In amaranth PC1 (31.09%) (Figure 5a, Table S2) axis integrated biomass (FW, DW, LA), photochemical parameters (Fv/Fm, Y(II), qP, ETRmax), soluble sugar, DPPH and ABTS, TPC antioxidant measures, and thus differentiated monochromatic and combined spectrum light impacts on amaranth. Distribution according to PC2 (23.41%) axis responded to FRAP antioxidant properties, total protein contents, NPQ, qN indices, and thus separated the impact of monochromatic R and RBFr impact from B and RB. In barbarea (Figure 5b, Table S2), the main differentiation between monochromatic red and other lighting conditions, according to PC1 (30.97%), is driven by Fv/Fm, Y(II), total protein, sugar, and pigment contents. A scattered distribution along PC2 (29.89%) is mainly attributed to growth parameters and Y(NPQ), NPQ, and coefficients of photochemical quenching qN, qP, and qL.
In chrysanthemum (Figure 5c, Table S2), PC1 (34.19%) explained the differentiation of monochromatic RED from other treatments based on PAM parameters, including Fv/Fm, Y(NPQ), qP, qL, as well as biometric and antioxidant parameters.
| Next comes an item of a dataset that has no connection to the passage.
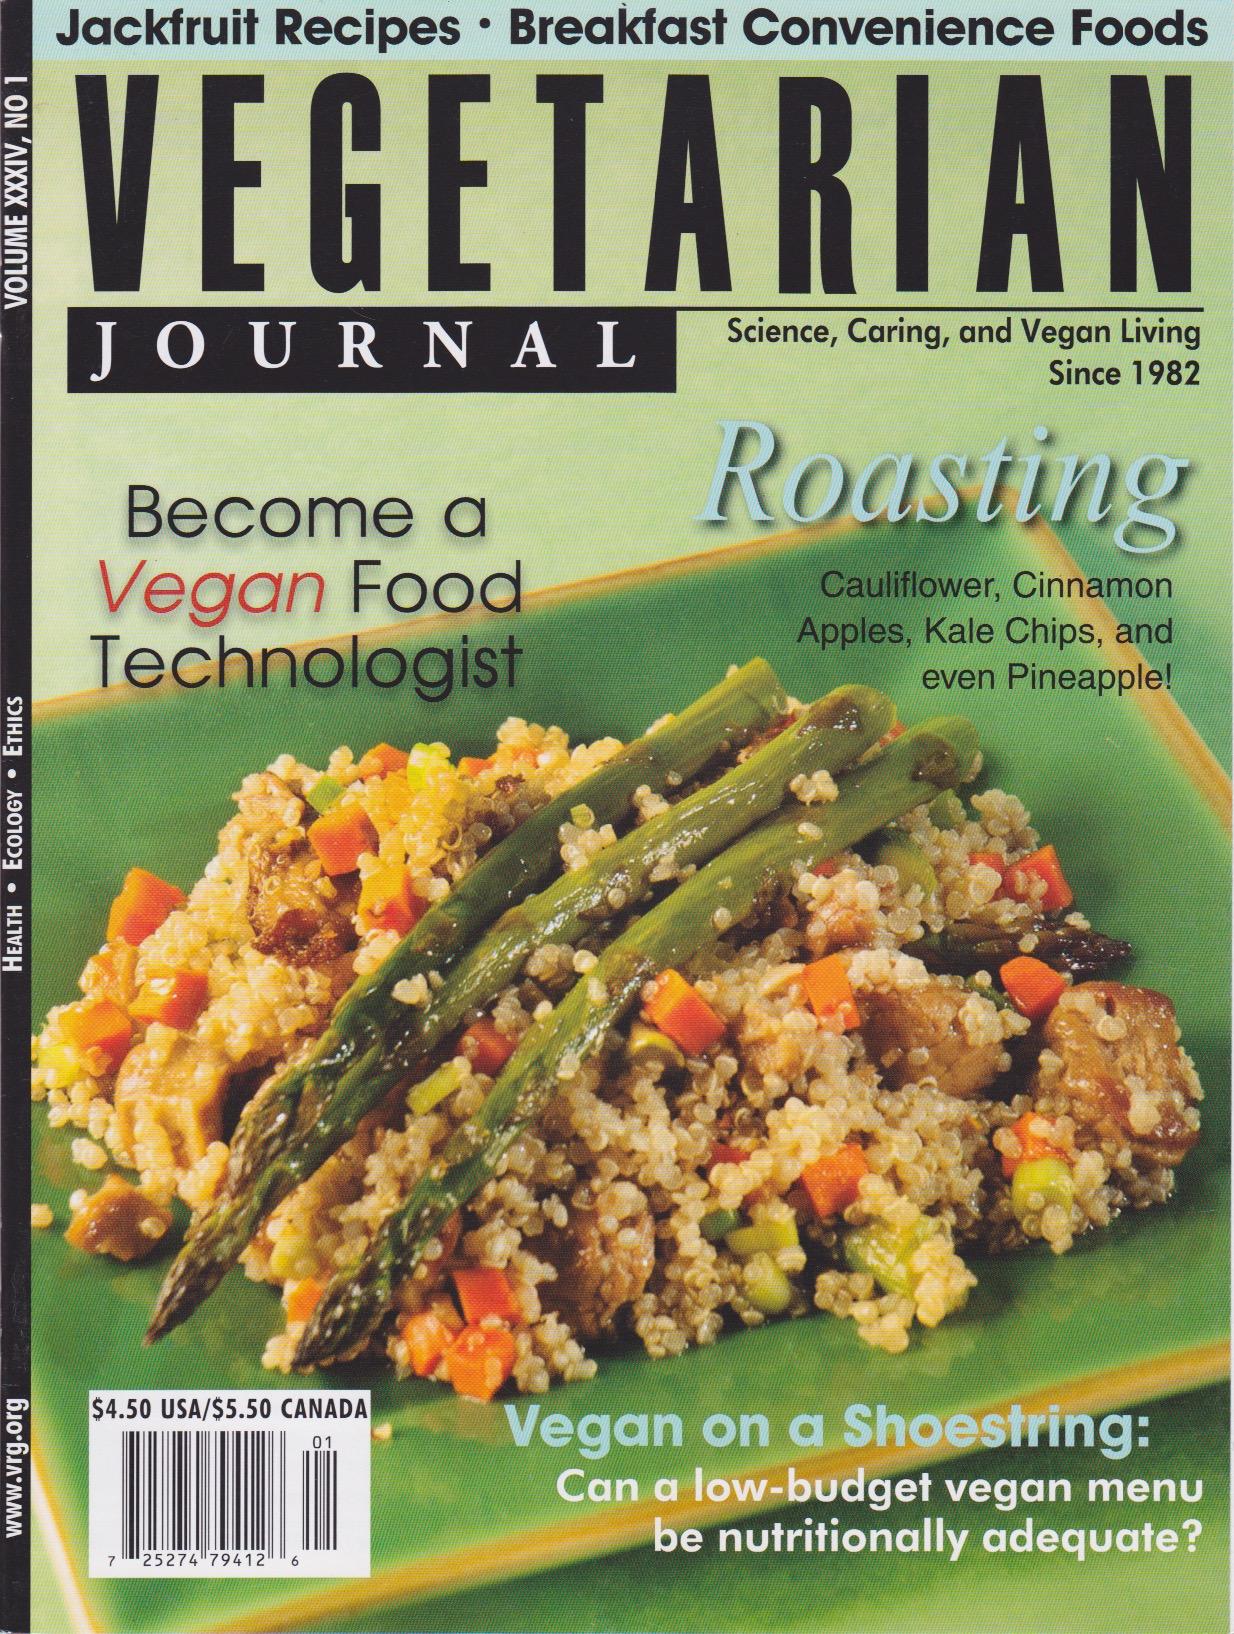 VEG_Journal cover.jpeg

In perilla (Figure 5d, Table S2), red light was excluded from others by PC1 (37.28%) across all main fluorescence parameters, ETRmax, as well as biometric parameters, and chlorophyll, lutein and β carotene contents.

4. Discussion

The present study explored how light spectral composition affects plant physiological responses by integrating chlorophyll fluorescence with growth, biochemical, and pigment traits across diverse leafy vegetables. This integrative approach allows fluorescence-derived parameters to be interpreted in relation to whole-plant performance, providing insight into species-specific responses to controlled lighting spectrum. In this context, chlorophyll fluorescence sensing is a non-destructive, continuous-monitoring approach that enables assessment of plant physiological status without disrupting growth, supporting its use as a proxy sensing method in controlled environments. Although this technique presents certain limitations, including signal sensitivity, high instrument precision requirements, and complex data interpretation [22], the results of this study demonstrate that fluorescence parameters respond selectively to light spectral conditions in a species-dependent manner.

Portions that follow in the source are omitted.